SQL Server Deadlock Fix: Force join order, or automatically retry?
Asked Answered
C

3

8

i have a stored procedure that performs a join of TableB to TableA:

 SELECT <--- Nested <--- TableA
             Loop   <--
                      |
                      ---TableB

At the same time, in a transaction, rows are inserted into TableA, and then into TableB.

This situation is occasionally causing deadlocks, as the stored procedure select grabs rows from TableB, while the insert adds rows to TableA, and then each wants the other to let go of the other table:

INSERT     SELECT
=========  ========
Lock A     Lock B
Insert A   Select B
Want B     Want A
....deadlock...

Logic requires the INSERT to first add rows to A, and then to B, while i personally don't care the order in which SQL Server performs its join - as long as it joins.

The common recommendation for fixing deadlocks is to ensure that everyone accesses resources in the same order.
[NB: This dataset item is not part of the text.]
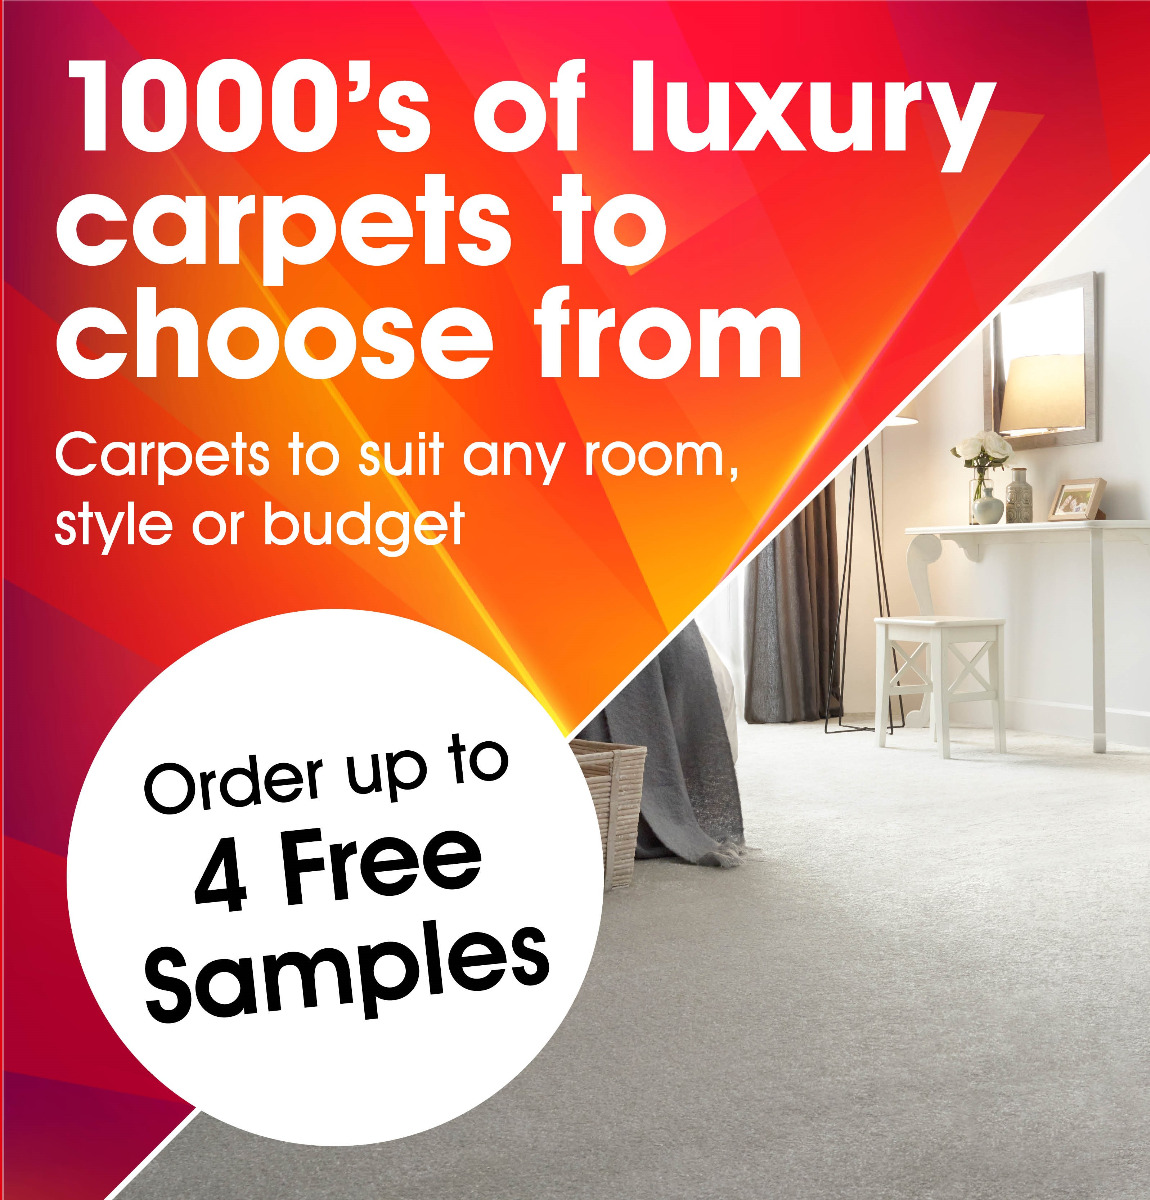 United Carpets and Beds - Carpets On Sale

But in this case SQL Server's optimizer is telling me that the opposite order is "better". i can force another join order, and have a worse performing query.

But should i?

Should i override the optimizer, now and forever, with a join order that i want it to use?

Or should i just trap error native error 1205, and resubmit the select statement?

The question isn't how much worse the query might perform when i override the optimizer and for it to do something non-optimal. The question is: is it better to automatically retry, rather than running worse queries?

Catapult answered 4/3, 2010 at 20:13 Comment(0)
C
9

Is it better to automatically retry deadlocks. The reason being that you may fix this deadlock, only to hit another one later. The behavior may change between SQL releases, if the size of the tables changes, if the server hardware specifications change, and even if the load on the server changes. If the deadlock is frequent, you should take active steps to eliminate it (an index is usually the answer), but for rare deadlocks (say every 10 mins or so), retry in the application can mask the deadlock. You can retry reads or writes, since the writes are, of course, surrounded by proper begin transaction/commit transaction to keep all write operations atomic and hence able to retry them w/o problems.

Another avenue to consider is turning on read committed snapshot. When this is enabled, SELECT will simply not take any locks, yet yield consistent reads.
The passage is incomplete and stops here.